> _TASK PROMPT_
Your job is to set down the stretch of entries that opens with the line containing "毛泽东把地狱搬到了人间—27年知识分子的苦难记忆（1949—1976） by 王修求" and closes with the line containing "上海市南洋中学高中自主招生方案_页面_1.jpg". Keep both end lines, copy each exactly, and add nothing.

> _THE RECORDS_
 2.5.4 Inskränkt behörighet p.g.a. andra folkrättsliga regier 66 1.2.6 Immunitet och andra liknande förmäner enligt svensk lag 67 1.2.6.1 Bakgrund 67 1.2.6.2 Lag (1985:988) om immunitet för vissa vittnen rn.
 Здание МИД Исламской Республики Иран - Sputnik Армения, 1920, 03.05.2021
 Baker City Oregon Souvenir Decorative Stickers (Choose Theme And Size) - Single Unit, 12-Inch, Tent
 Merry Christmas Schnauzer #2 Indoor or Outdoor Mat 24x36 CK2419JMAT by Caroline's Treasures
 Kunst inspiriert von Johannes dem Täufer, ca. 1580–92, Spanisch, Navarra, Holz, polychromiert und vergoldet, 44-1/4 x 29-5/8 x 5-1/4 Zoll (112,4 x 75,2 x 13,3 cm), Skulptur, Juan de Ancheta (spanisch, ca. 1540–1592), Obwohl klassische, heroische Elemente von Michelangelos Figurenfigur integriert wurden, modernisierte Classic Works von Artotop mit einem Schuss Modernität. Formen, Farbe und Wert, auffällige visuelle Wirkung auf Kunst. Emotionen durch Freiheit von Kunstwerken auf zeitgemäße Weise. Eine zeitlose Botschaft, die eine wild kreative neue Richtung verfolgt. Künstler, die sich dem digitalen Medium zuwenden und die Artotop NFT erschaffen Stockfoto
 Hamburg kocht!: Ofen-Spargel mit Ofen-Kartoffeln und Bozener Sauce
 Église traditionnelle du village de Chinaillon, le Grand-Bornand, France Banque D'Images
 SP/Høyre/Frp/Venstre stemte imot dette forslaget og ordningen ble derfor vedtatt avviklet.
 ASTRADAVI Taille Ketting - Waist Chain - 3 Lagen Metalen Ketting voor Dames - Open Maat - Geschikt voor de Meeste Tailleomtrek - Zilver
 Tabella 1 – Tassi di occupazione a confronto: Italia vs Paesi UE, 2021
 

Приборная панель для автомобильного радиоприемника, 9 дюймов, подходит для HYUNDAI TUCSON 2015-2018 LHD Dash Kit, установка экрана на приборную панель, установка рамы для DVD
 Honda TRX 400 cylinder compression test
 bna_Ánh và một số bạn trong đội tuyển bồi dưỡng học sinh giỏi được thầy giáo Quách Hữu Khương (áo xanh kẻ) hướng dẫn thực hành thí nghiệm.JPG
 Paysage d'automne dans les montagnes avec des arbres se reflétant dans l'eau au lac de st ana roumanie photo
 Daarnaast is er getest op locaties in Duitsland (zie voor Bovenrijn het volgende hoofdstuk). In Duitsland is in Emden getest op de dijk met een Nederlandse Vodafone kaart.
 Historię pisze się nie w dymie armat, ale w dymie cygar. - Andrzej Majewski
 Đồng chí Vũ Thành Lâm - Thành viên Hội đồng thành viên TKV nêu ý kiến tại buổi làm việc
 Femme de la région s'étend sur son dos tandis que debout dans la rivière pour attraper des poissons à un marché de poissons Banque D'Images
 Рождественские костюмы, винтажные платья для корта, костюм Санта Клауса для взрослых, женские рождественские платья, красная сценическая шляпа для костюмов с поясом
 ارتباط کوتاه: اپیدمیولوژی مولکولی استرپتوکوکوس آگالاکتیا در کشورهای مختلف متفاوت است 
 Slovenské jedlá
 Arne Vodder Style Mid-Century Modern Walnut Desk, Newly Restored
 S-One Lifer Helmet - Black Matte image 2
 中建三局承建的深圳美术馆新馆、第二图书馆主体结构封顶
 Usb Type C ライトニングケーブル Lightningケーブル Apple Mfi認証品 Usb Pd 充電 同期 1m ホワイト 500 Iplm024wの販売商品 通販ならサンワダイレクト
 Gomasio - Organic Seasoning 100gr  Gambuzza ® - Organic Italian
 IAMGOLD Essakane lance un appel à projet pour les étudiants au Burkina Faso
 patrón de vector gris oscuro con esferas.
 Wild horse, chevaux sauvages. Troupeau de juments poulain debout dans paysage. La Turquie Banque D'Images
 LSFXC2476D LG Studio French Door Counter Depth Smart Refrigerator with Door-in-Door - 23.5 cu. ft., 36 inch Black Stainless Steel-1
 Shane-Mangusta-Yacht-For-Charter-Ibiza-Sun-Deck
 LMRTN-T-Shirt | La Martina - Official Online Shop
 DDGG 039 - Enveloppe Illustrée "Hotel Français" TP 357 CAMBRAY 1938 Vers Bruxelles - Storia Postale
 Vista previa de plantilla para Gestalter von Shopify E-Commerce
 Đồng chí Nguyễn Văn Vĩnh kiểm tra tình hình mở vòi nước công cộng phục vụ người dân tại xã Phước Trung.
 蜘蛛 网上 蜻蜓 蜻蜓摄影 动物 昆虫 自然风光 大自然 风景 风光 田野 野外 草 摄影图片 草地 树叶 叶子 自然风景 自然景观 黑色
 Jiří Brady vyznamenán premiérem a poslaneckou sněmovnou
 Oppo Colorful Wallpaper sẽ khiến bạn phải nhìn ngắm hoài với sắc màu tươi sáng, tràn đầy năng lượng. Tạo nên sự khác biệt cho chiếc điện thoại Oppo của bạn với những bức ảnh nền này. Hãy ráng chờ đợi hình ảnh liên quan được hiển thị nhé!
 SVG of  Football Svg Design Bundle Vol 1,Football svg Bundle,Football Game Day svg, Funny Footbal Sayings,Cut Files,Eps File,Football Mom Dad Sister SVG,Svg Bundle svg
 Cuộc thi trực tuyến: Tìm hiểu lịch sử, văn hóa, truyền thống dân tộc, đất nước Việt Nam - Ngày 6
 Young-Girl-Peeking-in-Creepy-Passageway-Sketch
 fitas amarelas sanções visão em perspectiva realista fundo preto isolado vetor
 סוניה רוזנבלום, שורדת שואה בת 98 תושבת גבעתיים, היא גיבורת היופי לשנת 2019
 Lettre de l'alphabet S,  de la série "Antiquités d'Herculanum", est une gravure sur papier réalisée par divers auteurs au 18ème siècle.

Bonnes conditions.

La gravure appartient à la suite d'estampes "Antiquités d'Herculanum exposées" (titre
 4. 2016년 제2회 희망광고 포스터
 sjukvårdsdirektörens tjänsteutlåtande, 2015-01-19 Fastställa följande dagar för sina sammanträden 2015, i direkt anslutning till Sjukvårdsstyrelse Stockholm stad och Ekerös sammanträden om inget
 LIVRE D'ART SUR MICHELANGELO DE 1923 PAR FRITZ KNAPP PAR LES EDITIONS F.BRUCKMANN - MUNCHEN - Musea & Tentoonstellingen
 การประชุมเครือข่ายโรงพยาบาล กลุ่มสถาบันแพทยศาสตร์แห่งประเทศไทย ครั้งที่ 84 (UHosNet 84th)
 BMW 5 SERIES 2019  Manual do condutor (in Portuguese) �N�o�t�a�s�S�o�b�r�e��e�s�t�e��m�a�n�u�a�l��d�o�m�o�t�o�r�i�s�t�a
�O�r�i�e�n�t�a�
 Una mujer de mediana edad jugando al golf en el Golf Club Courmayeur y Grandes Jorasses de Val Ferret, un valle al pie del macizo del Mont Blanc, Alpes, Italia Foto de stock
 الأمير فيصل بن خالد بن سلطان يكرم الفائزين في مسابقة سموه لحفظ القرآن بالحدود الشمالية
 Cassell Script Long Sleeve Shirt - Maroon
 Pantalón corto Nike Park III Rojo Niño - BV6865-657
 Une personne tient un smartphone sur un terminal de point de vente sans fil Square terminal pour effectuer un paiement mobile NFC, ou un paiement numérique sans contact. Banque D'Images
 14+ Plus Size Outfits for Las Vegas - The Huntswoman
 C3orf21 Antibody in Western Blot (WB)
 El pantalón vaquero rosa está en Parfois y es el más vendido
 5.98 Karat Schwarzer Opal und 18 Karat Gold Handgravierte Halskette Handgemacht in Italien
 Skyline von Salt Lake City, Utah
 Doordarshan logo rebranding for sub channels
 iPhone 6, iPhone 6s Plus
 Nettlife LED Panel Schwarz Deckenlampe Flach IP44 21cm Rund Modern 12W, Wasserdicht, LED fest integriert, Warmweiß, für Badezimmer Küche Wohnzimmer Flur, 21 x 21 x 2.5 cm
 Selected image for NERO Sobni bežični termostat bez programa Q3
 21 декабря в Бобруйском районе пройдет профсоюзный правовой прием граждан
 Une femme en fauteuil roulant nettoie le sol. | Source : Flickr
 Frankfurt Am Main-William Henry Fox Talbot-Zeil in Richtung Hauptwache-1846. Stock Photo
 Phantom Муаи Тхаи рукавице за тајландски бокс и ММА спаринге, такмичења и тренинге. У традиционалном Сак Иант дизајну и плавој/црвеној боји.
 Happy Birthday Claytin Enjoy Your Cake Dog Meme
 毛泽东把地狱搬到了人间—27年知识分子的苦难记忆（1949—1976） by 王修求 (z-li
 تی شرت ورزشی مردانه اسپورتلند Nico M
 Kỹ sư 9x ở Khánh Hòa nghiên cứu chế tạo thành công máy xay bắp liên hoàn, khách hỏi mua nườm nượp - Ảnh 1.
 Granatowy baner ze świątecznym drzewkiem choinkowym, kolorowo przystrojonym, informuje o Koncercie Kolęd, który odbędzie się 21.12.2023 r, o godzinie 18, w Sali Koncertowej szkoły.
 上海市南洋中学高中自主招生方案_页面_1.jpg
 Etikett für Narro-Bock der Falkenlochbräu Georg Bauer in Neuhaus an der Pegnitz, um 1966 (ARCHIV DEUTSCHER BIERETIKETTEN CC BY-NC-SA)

> _ANSWER BOX_
 毛泽东把地狱搬到了人间—27年知识分子的苦难记忆（1949—1976） by 王修求 (z-li
 تی شرت ورزشی مردانه اسپورتلند Nico M
 Kỹ sư 9x ở Khánh Hòa nghiên cứu chế tạo thành công máy xay bắp liên hoàn, khách hỏi mua nườm nượp - Ảnh 1.
 Granatowy baner ze świątecznym drzewkiem choinkowym, kolorowo przystrojonym, informuje o Koncercie Kolęd, który odbędzie się 21.12.2023 r, o godzinie 18, w Sali Koncertowej szkoły.
 上海市南洋中学高中自主招生方案_页面_1.jpg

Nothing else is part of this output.